At the very last, a final few containers were opened: and within them inside oilskin wrappings a second nested container, and within that another layer of oilskin, which folded back revealed at last rows upon rows of sealed wooden casks marked with characters upon the top: Silver Needle, White Dragon, Yellow Flower, and when one of these was breached, the lovely fragrant smell of tea wafted nearly to the pavilion.

“How many tons would you say this delivery has made?” Laurence said to Tharkay, as the tea was bargained out among the captains, for really astonishing amounts of gold, Temeraire wistfully noticed.

“Twenty at the least,” Tharkay said, and flicked a hand at the smaller pile of goods set aside at the end of the beach, those which had not been taken by anyone; Temeraire had been wondering with increasing interest what should be the fate of those neglected goods, as he could not see anything wrong with any of them. “I imagine the leavings are all they send to Sydney.”

“It is ours: it is part of the payment for using Larrakia country,” Tharunka explained, looking up. “Whatever they cannot sell, we keep, and whatever we don’t want we trade to the Pitjantjatjara, and the Yolngu, and I think the Pitjantjatjara trade it to the Barkindji and the Wiradjuri, who take it to Sydney, and trade it to you. So everyone may have something they like, and no one has to travel anywhere they don’t want, and by the end of it, no one gets left with anything they don’t care for,” which seemed to Temeraire an eminently sensible arrangement through and through.
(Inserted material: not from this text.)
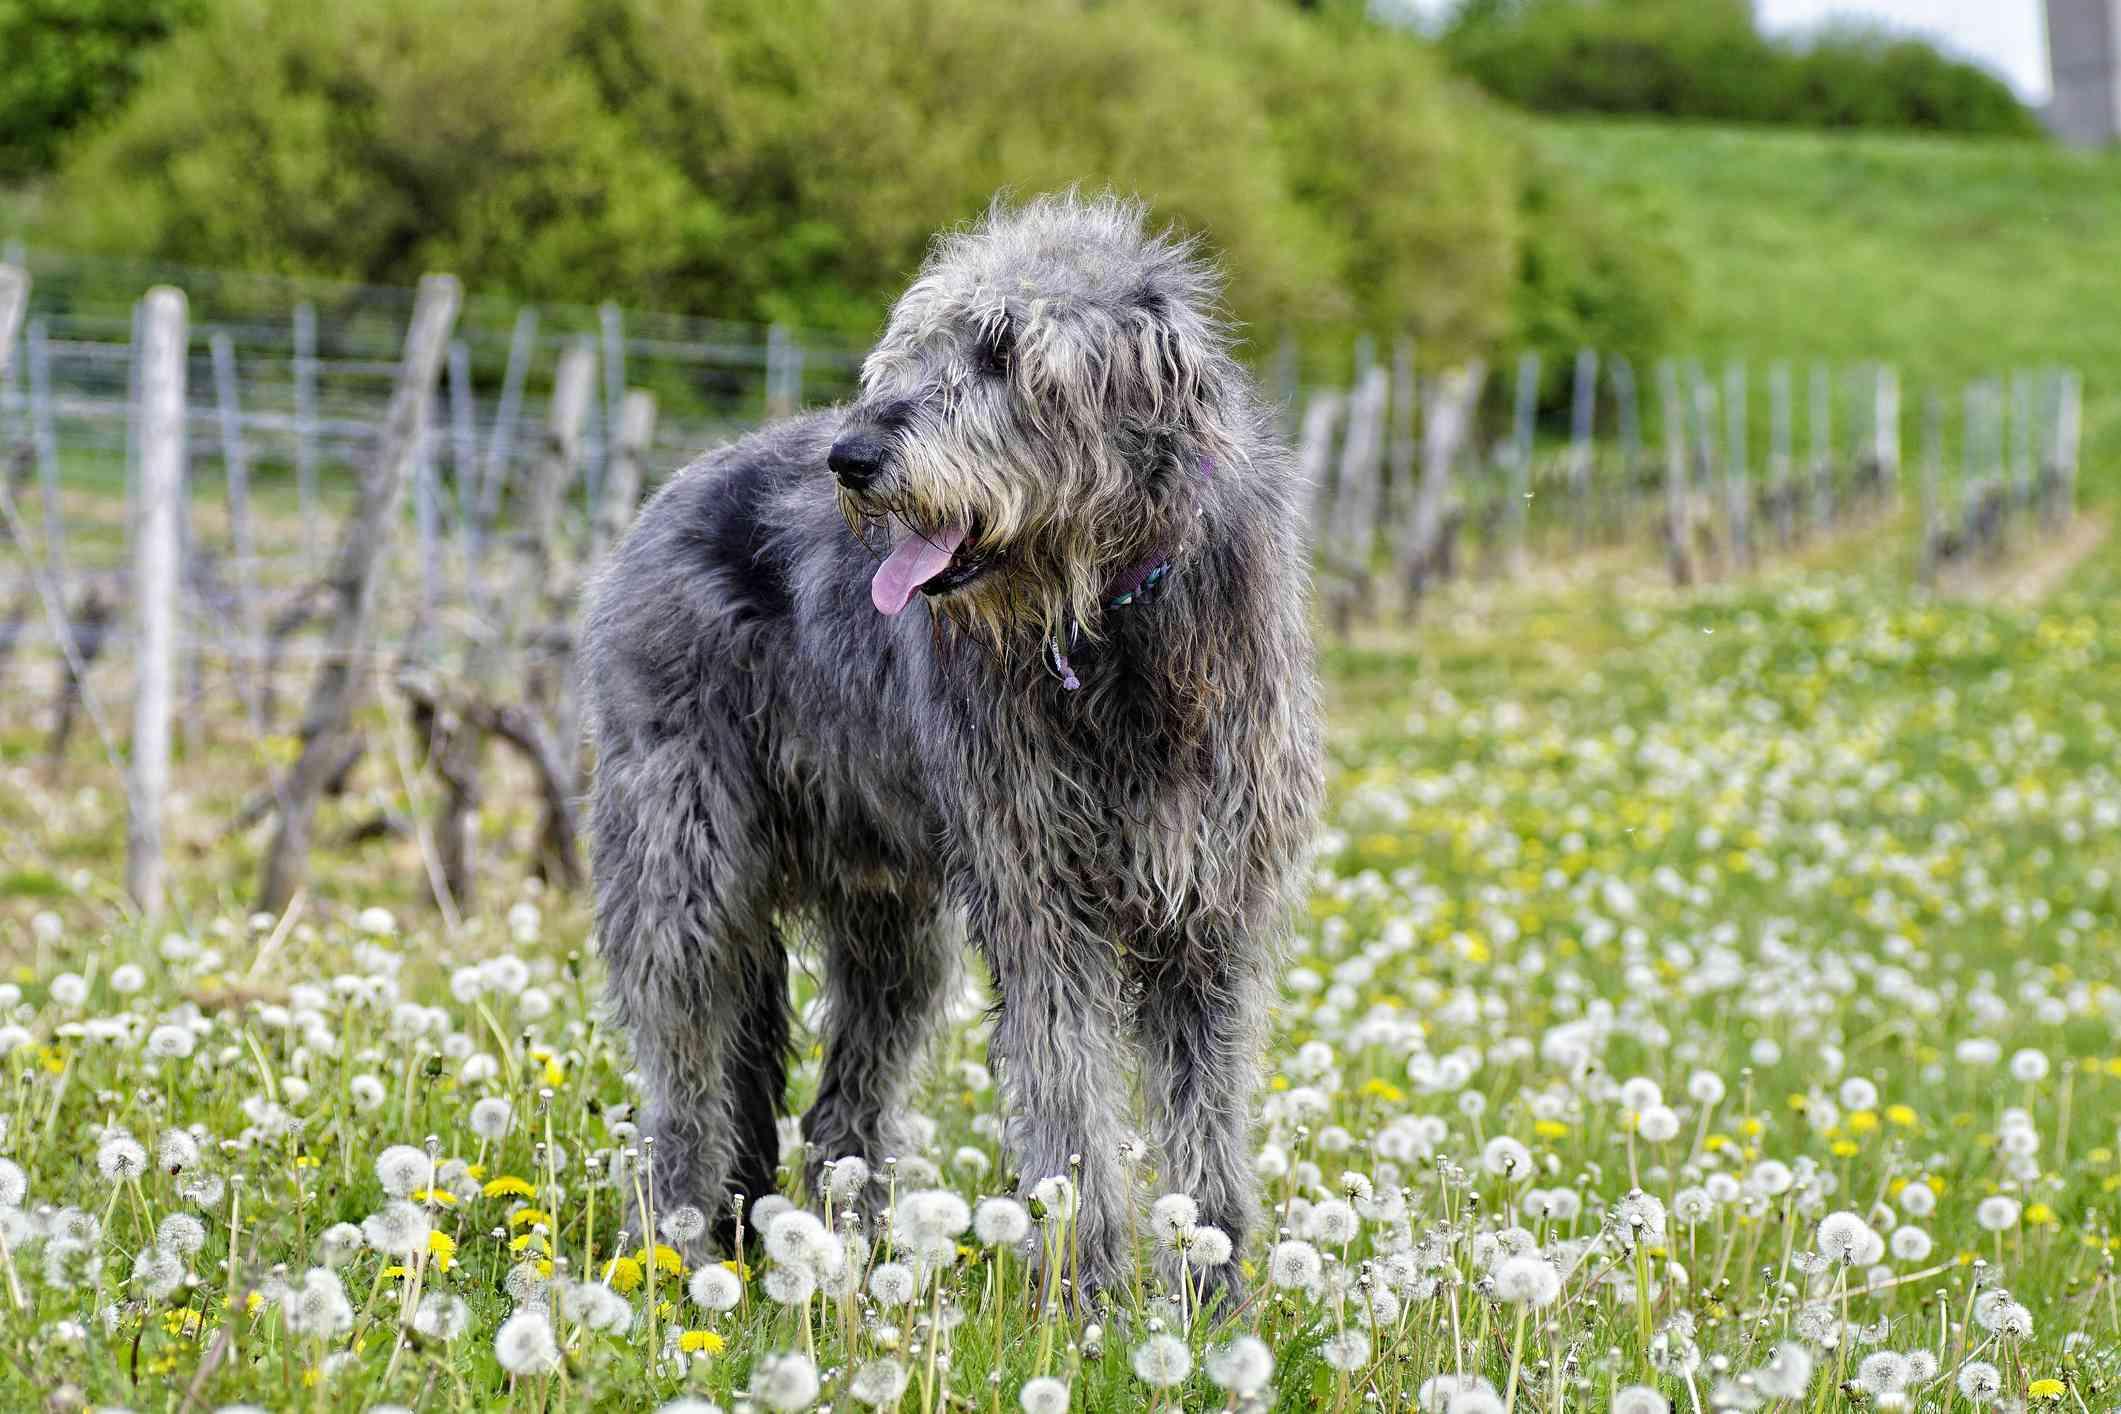 Blue Irish wolfhound

Laurence did not seem quite so sanguine. “How often do the serpents come, with such a load?” he asked.

Tharunka consulted with Binmuck, the chief of her companions: a woman with a soft and peculiarly deep voice. With the women’s habit of silent labor, this had encouraged the aviators to think her shy: but she had quite established her authority after Maynard had attempted, with an offering of rum which he had somehow once again filched out of the stores, to wheedle one of the younger women out behind the pavilion.

This conversation, which had been carried out in a combination of coaxing whispers and covert pantomime—to evade Laurence’s attention, as he had made quite clear his opinion of such behavior—went forward for some ten minutes, with the woman’s attitude passing from initially a half-flirtatious fascination to withdrawal, as Maynard tried to put his hand upon her arm and draw her out.
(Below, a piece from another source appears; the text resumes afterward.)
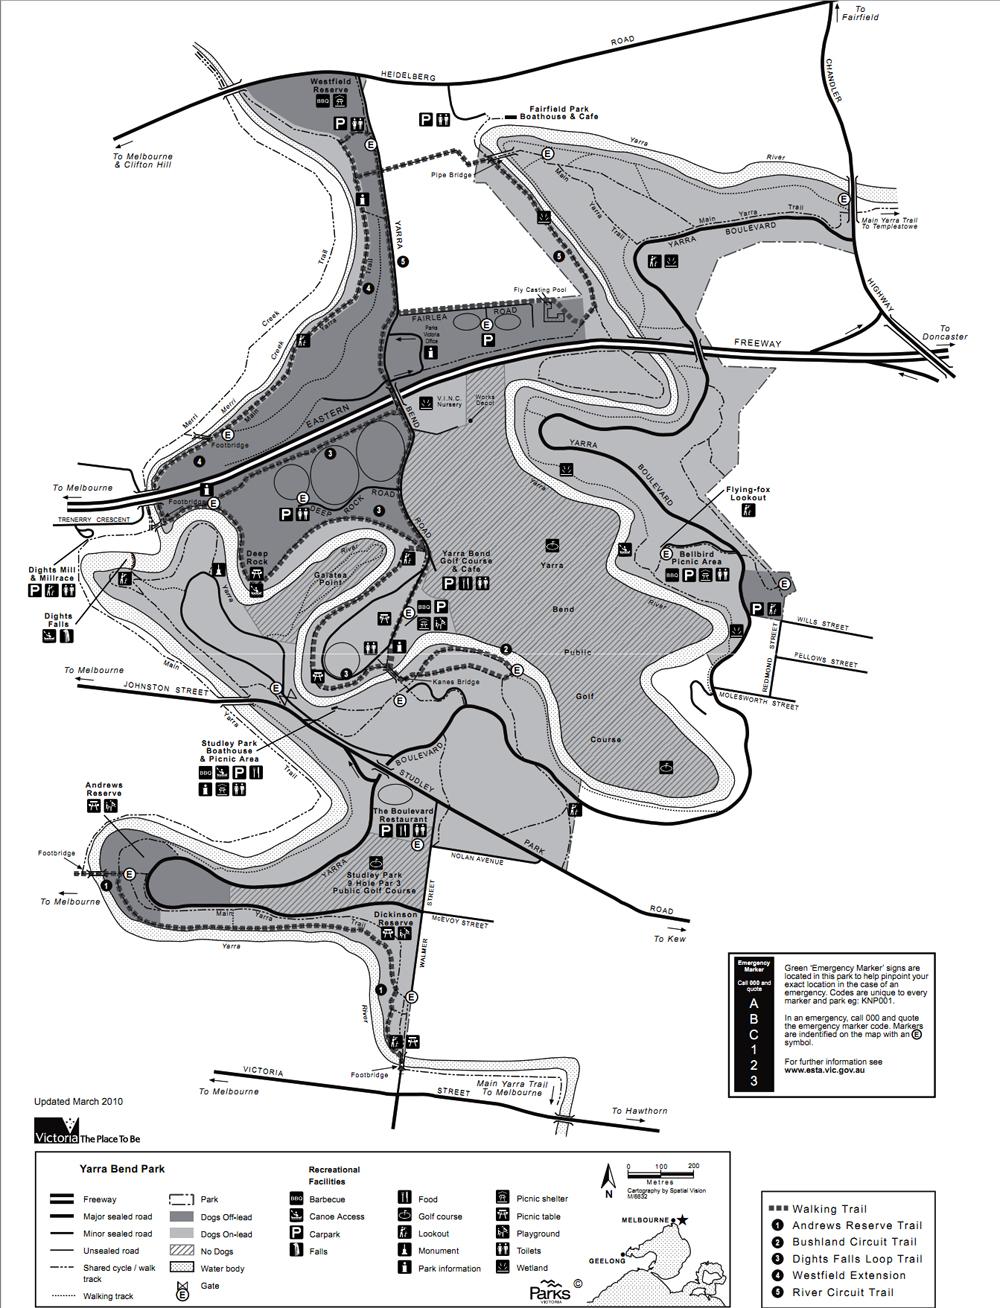 Australia Melbourne Yarra Bend Park Map

Temeraire had just been wondering if he ought perhaps say something to Laurence, even though the young women were Tharunka’s and not his; but Binmuck had silently risen up, taken one of the logs from the fire, and coming over to Maynard clouted him solidly across the back, with so much force that he was knocked flat to the ground on his face, the rum spilling beneath him. He sprang up red-faced and wet, which Temeraire felt served him right; the women all laughed with great enjoyment, pointing at the spreading dark stain upon his shirt—they none of them wore much in the way of clothing—and Maynard slunk hurriedly away in the face of Binmuck’s unsmiling and censorious expression, and her substantial cudgel.

Now she listened thoughtfully to Tharunka’s translation of their question, then answered at length: “This one was particularly good,” Tharunka said, “but Binmuck says that they have been bringing more and more, as they get more of the serpents trained: the Chinese don’t like to put goods on any one of them until it has swum the route back and forth three times without, you see, because it is such a long way; sometimes a new serpent will change its mind and just go another way, and then all your goods are lost. They come once a month,” she added, “because there are two schools now trained to come here and return to Guangzhou; when one leaves here, another leaves there, and they go in opposite directions.”